It is one of these BIG projects, which one tries to realize again and again but never really gets into: the paperless office. I am collecting and sorting bills, insurance-documents, banking-documents and so on for years now in two big black paper-boxes. New documents first land on my desk and after dealing with them, I throw them in a drawer in my desk. Then, once a year, I waste one to two evenings sorting all these documents in folders inside my paper-boxes. It’s a hideous task, really.
This is about to end now! (I hope ;-)) I aim to scan all sorted and future documents, save the pdf’s, and shred the paper-documents afterwards. I will only keep important documents, like certificates and so on.
To reach my goal, I did some searching on the net, gathering ideas to accomplish this project with a long-term solution. I came to the conclusion that one needs to take care of three things:
- A scanner
- A scanning software with text-recognition (OCR)
- A software to archive, backup and search
(also known as DMS, Document Management System)
Everyone who owns a moderately recent smartphone already owns a scanner; sort of. The App-store and the Play-store have a multitude of apps in their portfolio which not only scan documents with the smartphone-camera, but also help by sorting and searching in those documents.
A few examples:
– Readdle Scanner Pro
– Adobe Scan
The results often have a surprisingly good quality if the ambient-light is sufficient. Even errors in the perspective are corrected on the fly. And it is a very fast method, just point your smartphone at the desired document an off you go.
There are two reasons, why I chose another solution for my private office.
First, the quality is good, but does not match the resolution and color-accuracy of a decent scanner.
Second, I plan to archive my documents for years, even decades to come, and want to be able to search and view my documents even 30 years from now. There is absolutely no guaranty, that said app developers will support their apps this long or that even a device like a smartphone will still exist in 30 years in the form, as we know it now.
That is why I have decided, to save my scans as plain .pdf-documents in an ordinary folder-system. Even with the fast advancing world of technology, files and folders are not going anywhere anytime soon. How I managed to get cloud-support und device-independent access, well, read on.
If one is serious about scanning a lot of old documents, a dedicated document-scanner should be considered. For now, I have not made this step, because my old brother all-in-one printer has a scanner with document-feeder. But if the latest blog-reviews and recommendations from DMS-developers are right, the best in class are the ScanSnap scanner from Fujitsu. I personally only have experience with the devices from Epson, as we use these daily in the clinic and they get the job done.
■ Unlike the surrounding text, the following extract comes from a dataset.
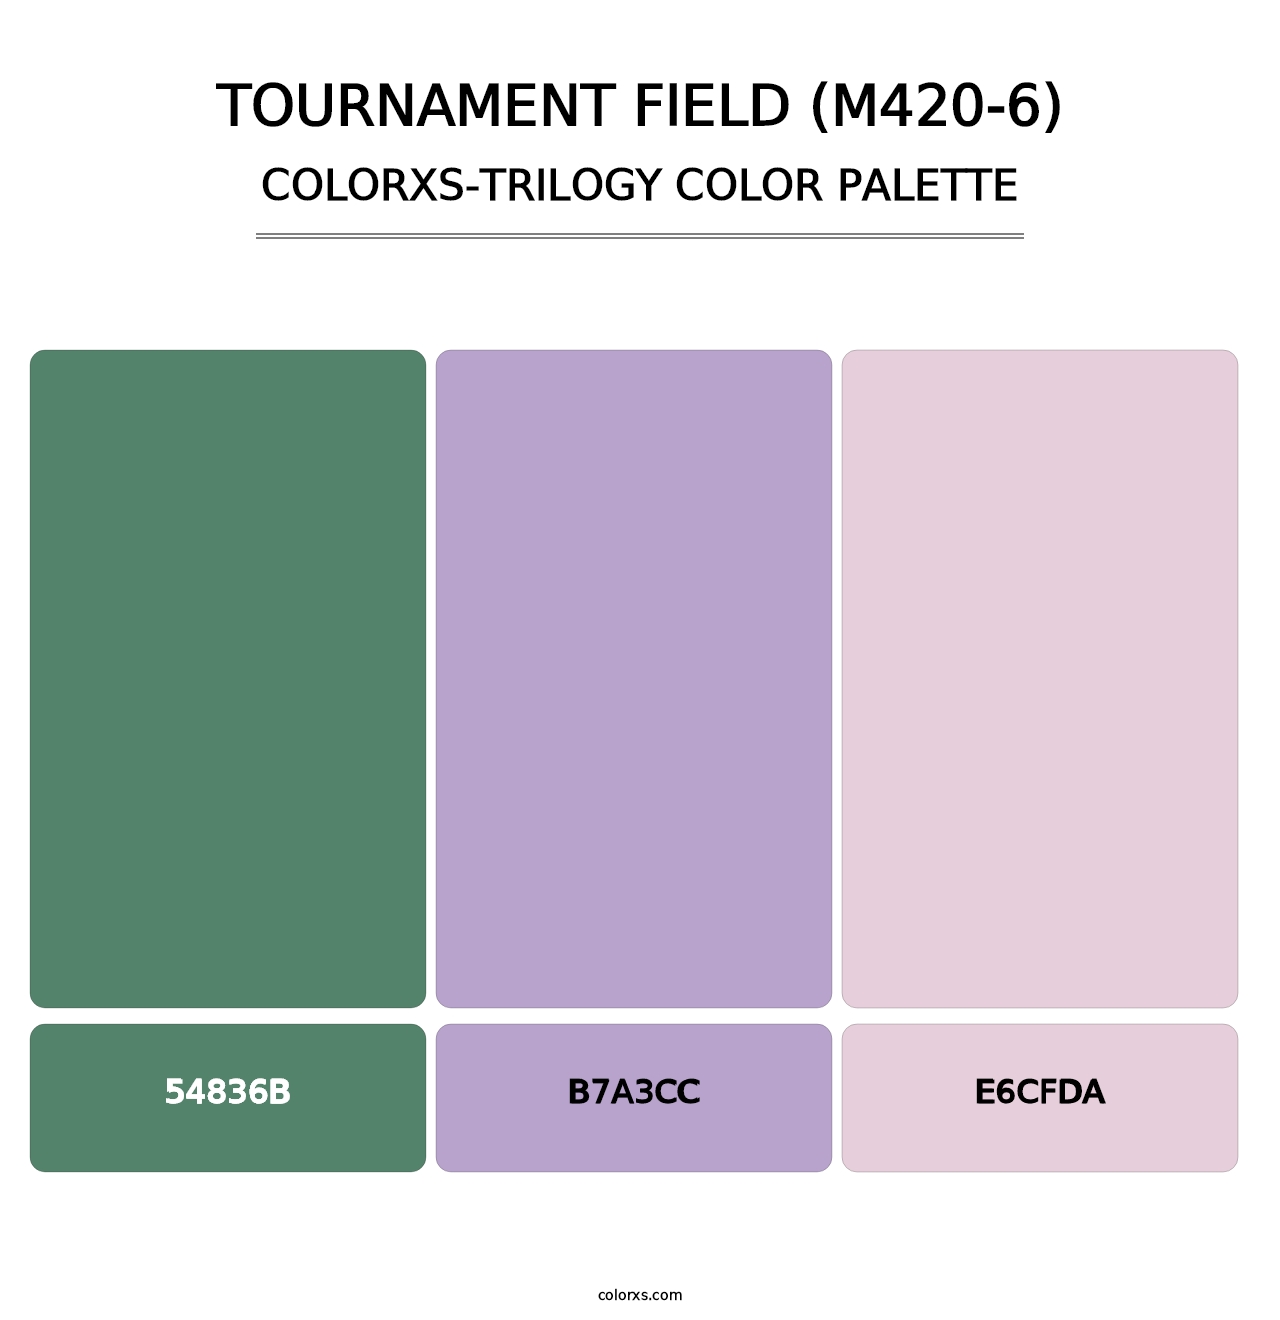 Tournament Field (M420-6) - Colorxs Trilogy Palette

Here are the affiliate-Links for a Fujitsu- and an Epson-document scanner, as well as a link to my trusted all-in-one brother printer, which by now has not dissapointed and is a whole lot cheaper.
Scan-software and DMS
Using a smartphone app is already an all-in-one solution. If you buy a dedicated document-scanner, chances are, you get a good software for pdf-creation with text-recognition over OCR. One still has to care about sorting and archiving the documents. On my search around the net, I stumbled upon a few interesting software-solutions. A lot of them aim for business-clients and have a hefty subscription-fee. For home-users I found these solutions reasonable:
Regardless of the solution, it is important that the software provides text-recognition over OCR. This technique makes the generated pdf’s searchable, comparable to modern mail-provider like gmail.
My personal solution
I decided against a dedicated document-management-software for my home-office. Again, I don’t trust these developers to be on the market for 20-30 years, and many of them use some kind of proprietary system to manage your documents.
Fortunately I stumbled upon one of the best open-source tools I have discovered for a long while. The software is called NAPS2, and provides easy but still highly customizable one-click scan solution for nearly every scanner. It generates searchable pdf’s and the ocr-engine is sufficient enough for my personal needs.
NAPS2 is so good, I instantly donated 5$ to the developer, and will do so again, when it keeps up during the course of this project.
The generated pdf’s are saved directly from NAPS2 in my Google Drive via Drive-File-Stream. I generated a few sub-folders like “banking”, “insurances”, “bills” and so on, the filenames are a combination of the date of the document an a short description; like “20181019-car-insurance.pdf”.
Theoretically I didn’t even need to work with folders and file descirptions, because google search algorithm works like a charm with the searchable pdf’s. But again, who knows, where google will stand in 20 years. I will backup the files to a local hard-drive on maybe a yearly basis.
Now, I am curious how fast I will be able to scan my whole archive of paper-documents of the last 20 years or so. But its a good opportunity to get rid of old or expired documents.
The only limiting factor will probably my all-in-one printer-scanner which was most likely not build for a task like this. I will report how far I will come.